The Chaneys looked at each other, then did as Hunter had ordered. When all the bodies had been recovered from the brush and trees around the headquarters, the undertaker turned the wagon back onto the trail, heading westward out of the yard. The townsmen, stained with the blood of the fallen, their horses jittery from the smell of so much carnage, followed the wagon.
Several men looked warily back over their shoulders at Hunter and Annabelle before passing under the portal and then galloping out of sight.
Hunter looked down at his girl. At his woman. She looke
d up at him. Color had climbed into her cheeks.
His own heart thudded heavily, warm blood pooling in his belly.
“Let’s go inside,” he said thickly.
Annabelle squeezed his hand. “Let’s.”
CHAPTER 20
As the dun galloped hard in the direction of Tigerville, Graham Ludlow felt a tightness grow in his chest.
It was like a clenched fist of fury, swelling and swelling, sending sharp waves of pain up into his left shoulder and down that arm. The arm grew heavy and sore, so that he had to let it flop down over his leg. He gritted his teeth against the pain.
He drew back on the dun’s reins, bringing the horse to a leaping halt, dust billowing up from behind.
Ludlow leaned forward over his saddle horn, drawing sharp breaths through his teeth. Each breath caused more pains to shoot up from that clenched fist in his chest, into his shoulder and down his arm until the arm felt like a raw nerve hanging stiffly at his side.
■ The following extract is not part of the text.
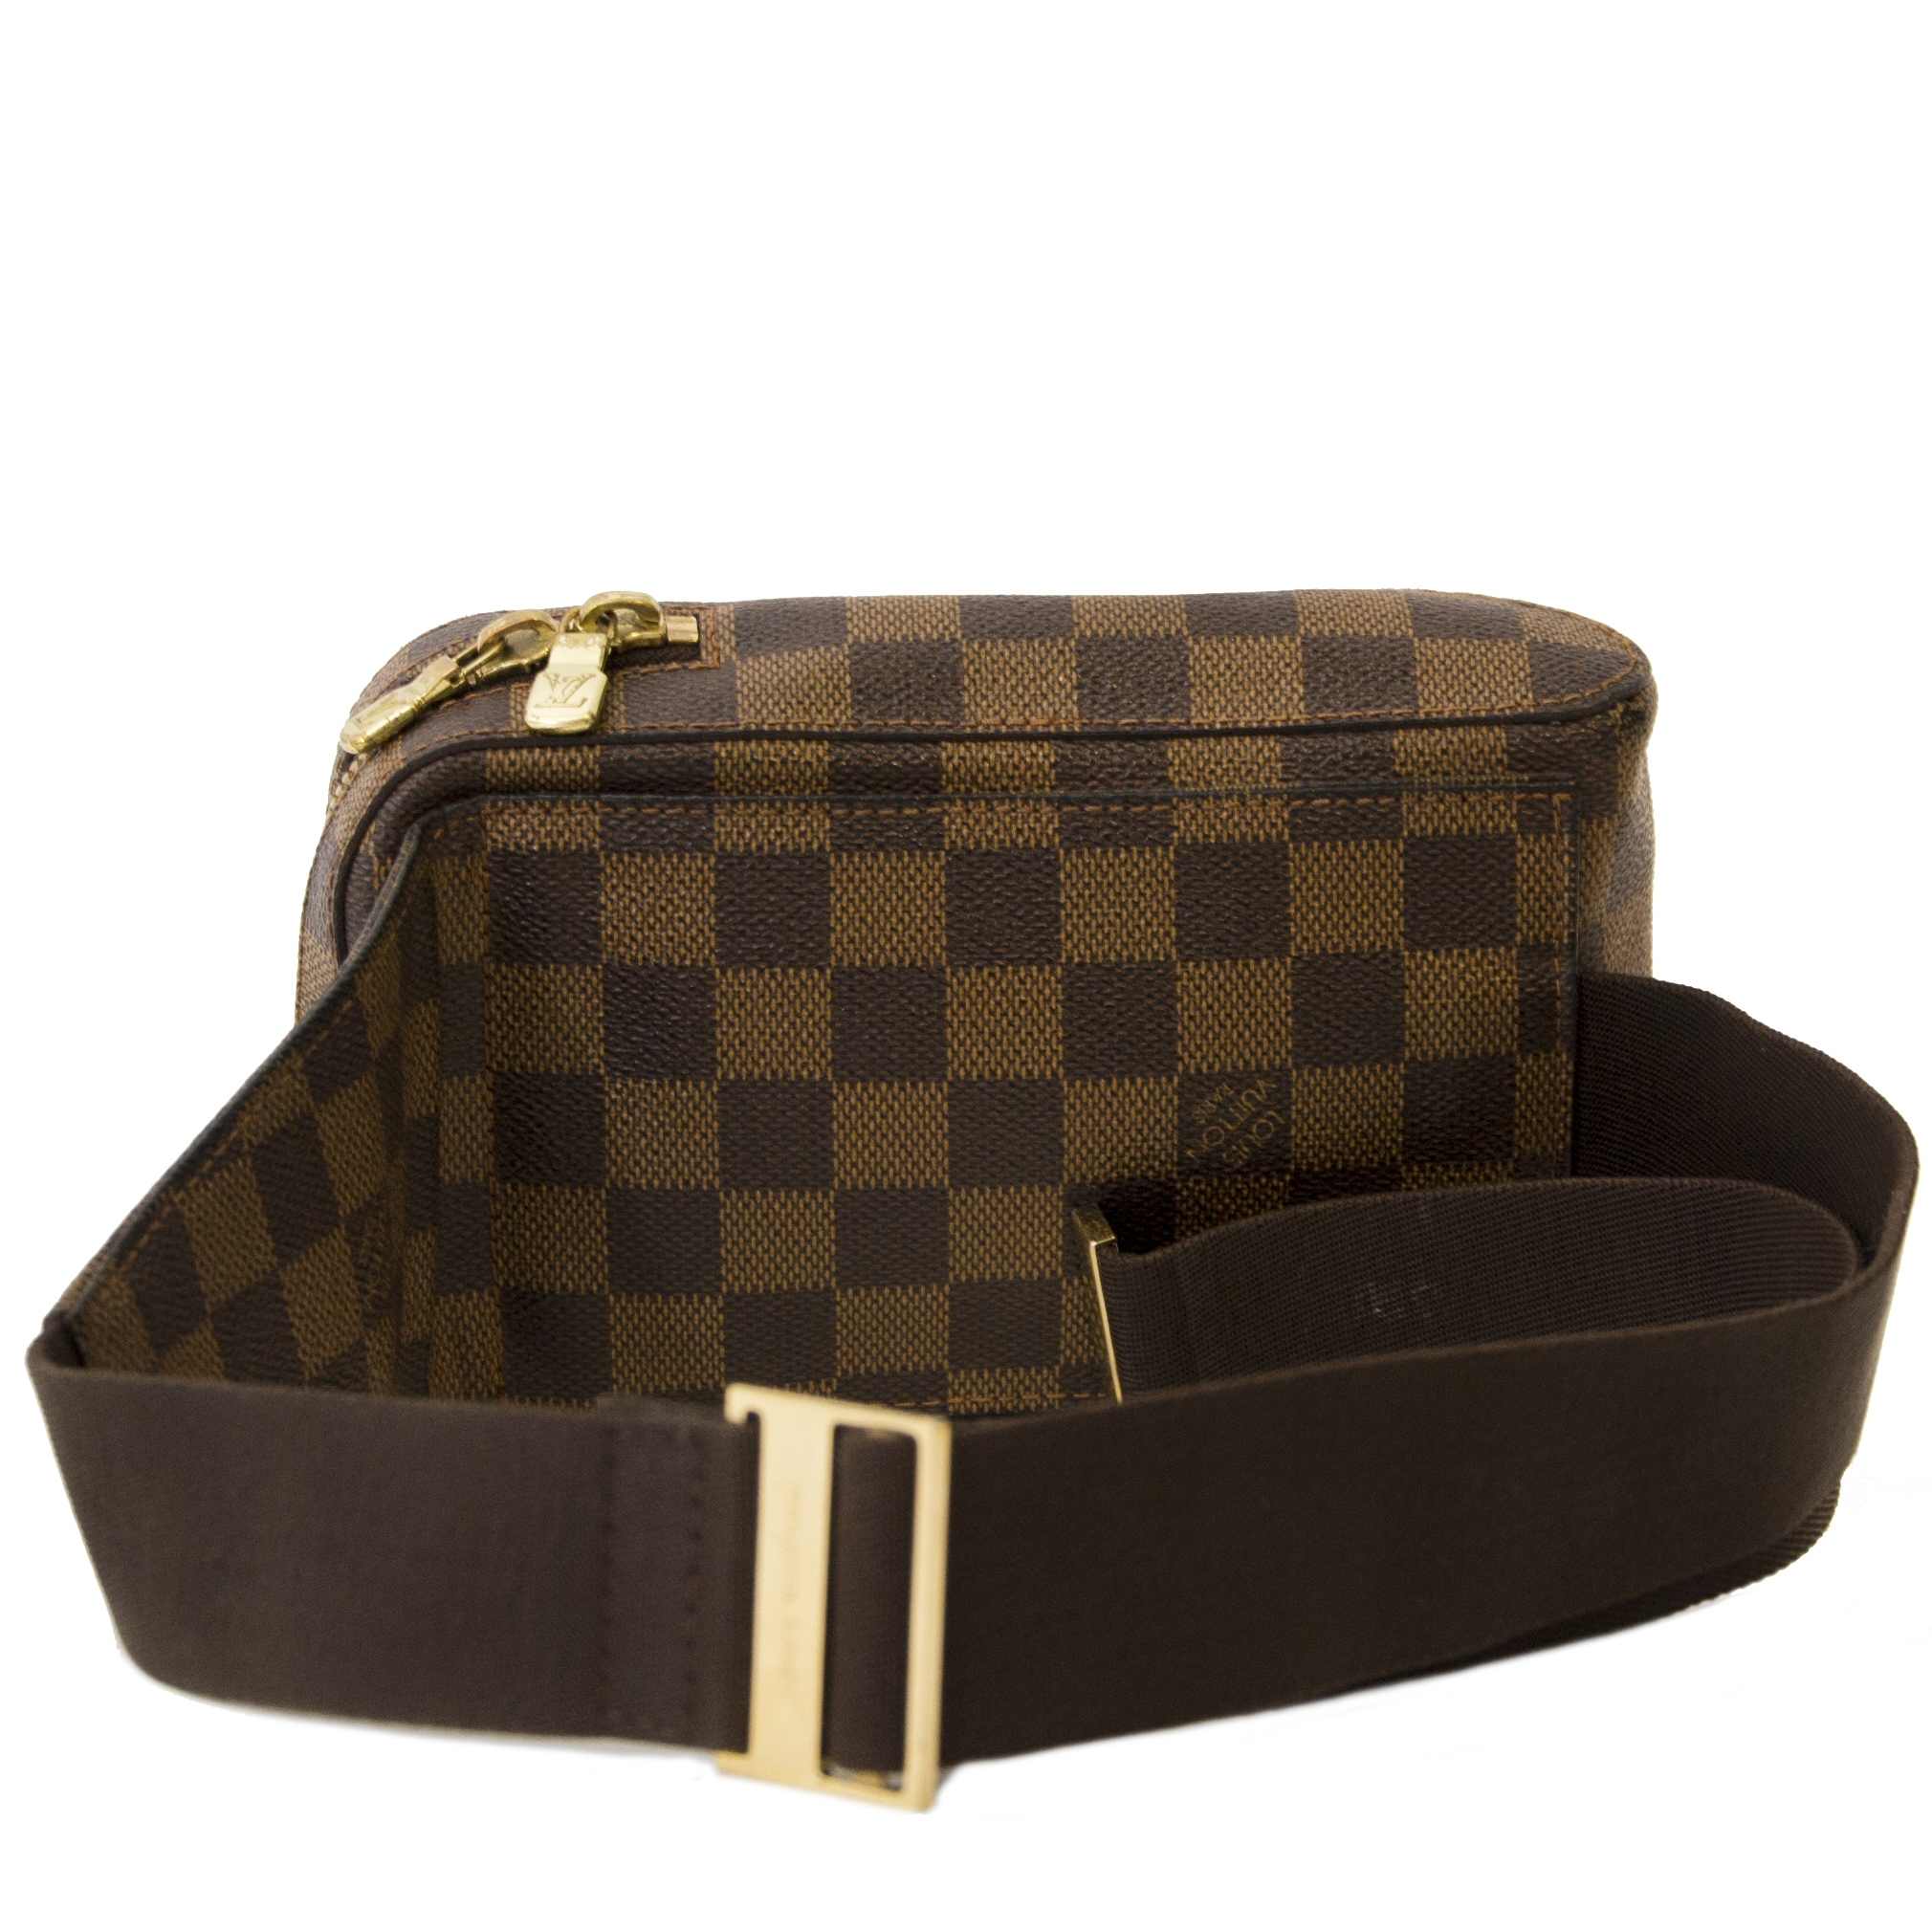 Louis Vuitton Brown Damier Ebene Geronimos Waist Bag

“Oh hell,” he muttered thickly, looking down at his claw-like hand, which he could not get to open. “Oh hell . . . am I . . . having a . . . heart attack?”
The ground spun around him. The low hills spotted with pine forest pitched this way and that. Thin dark curtains rippled in front of his eyes.
A stream gurgled off to his left. Suddenly, he was both cold and hot and very thirsty. Cold sweat streaked his broad, fleshy face.
He slid down from his saddle. As he put weight on his left foot, the ankle gave. He cursed and threw his right, gloved hand—the only one that worked—toward the dun, trying to break his fall. His fingertips only brushed the saddle.
He plopped heavily into the middle of the trail on his butt and rolled onto his right side, his left side partly paralyzed.
He groaned, cursed again, heaved himself up into a sitting position, and cradled his sore left arm in his lap.
“She’s . . . she’s killing me,” he wheezed. “That girl is killing me . . . slow. The lies.” He ground his back teeth until he could hear them cracking. “The lies she told in front of the Chaneys!”